3
votes

Google has recently made great progress with their speech recognition software, which is used in several open source products, e.g. Chromium Web Speech and Android Handsfree texting. I would like to use their speech recognition as part of my server stack, however I can't find much about it.

Is the text recognition software available as a library or package? Or alternatively, can I call chromium from another program to transcribe some audio file to text?

2
I think these answers may be outdated, Google has started to making some parts public early 2013.Jeroen Ooms
got a link? It would be helpful.Michael Levy
E.g. bgr.com/2013/01/14/google-chrome-speech-recognition-api-291569 and dvcs.w3.org/hg/speech-api/raw-file/tip/…. But this is about interfacing in Chrome, I can't find it as a standalone library.Jeroen Ooms

2 Answers

1
votes

The Web Speech API's are designed only to be used in the context of either Chrome or Android.

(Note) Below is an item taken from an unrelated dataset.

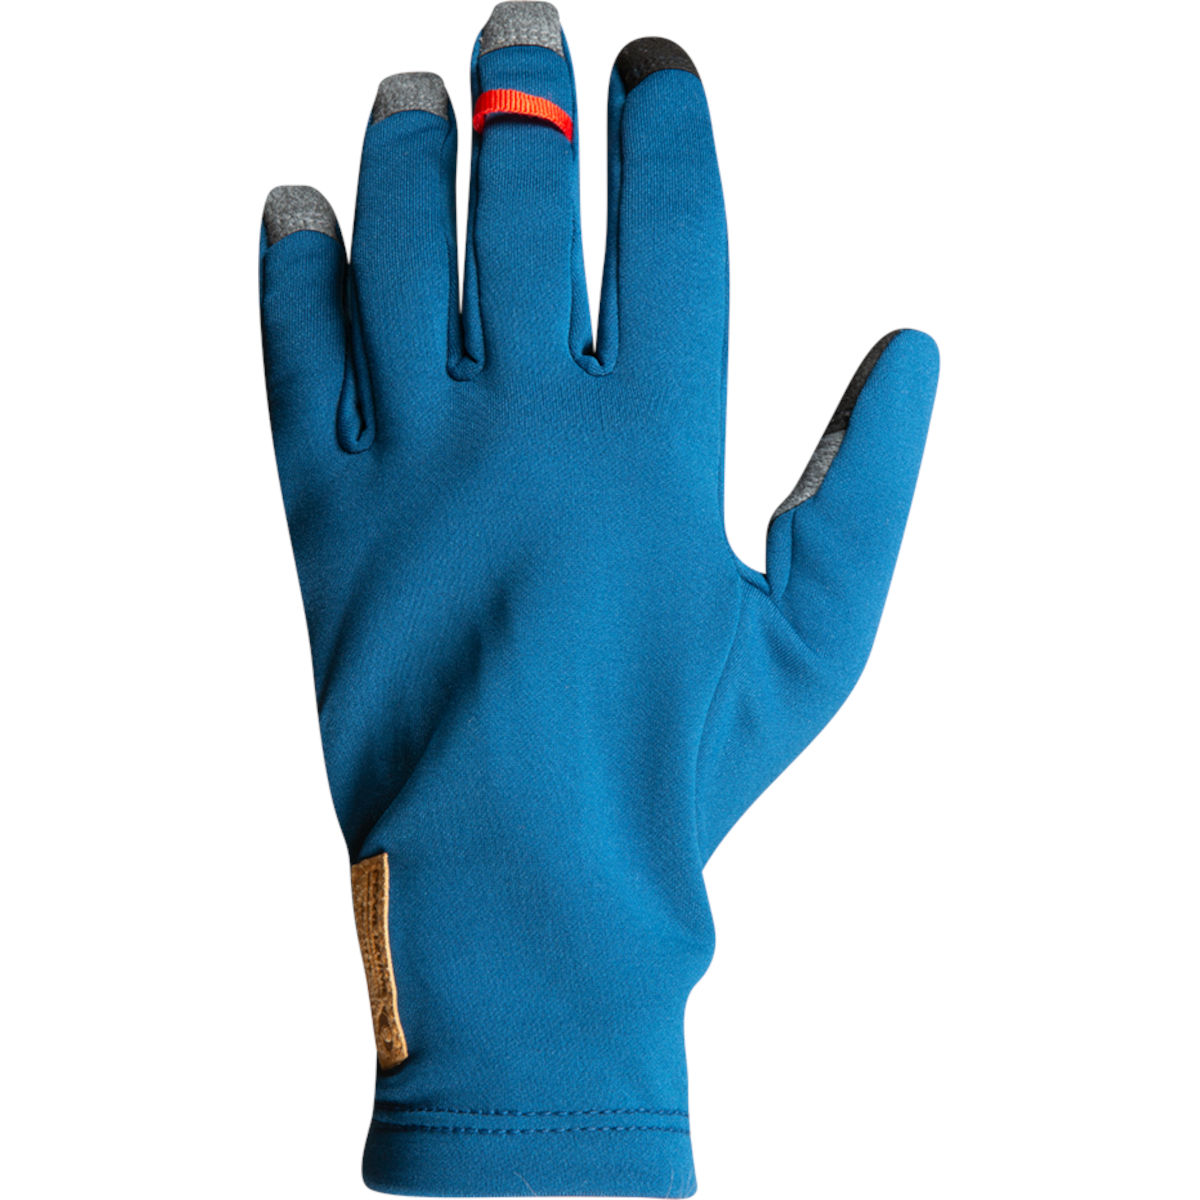 Produktbild von PEARL iZUMi Thermal Handschuhe 14142008 - twilight - 194

There is a lot of work that goes on in the client so there is no public server to server API that would just take an audio file and process it.

If you search github you find tools such as https://gist.github.com/alotaiba/1730160 but I am pretty certain that this method of access is 100% not supported, endorsed or confirmed to keep working.

1
votes

The method previously stated at https://gist.github.com/alotaiba/1730160 does work for me. I use it on a daily basis in my home automation programs. I use a python script to capture audio and determine what is useful audio or just noise, then it sends the little audio snippet to google and returns the text all under a second!! I have successfully integrated it into my programs and if you google around you will find even more people that have as well!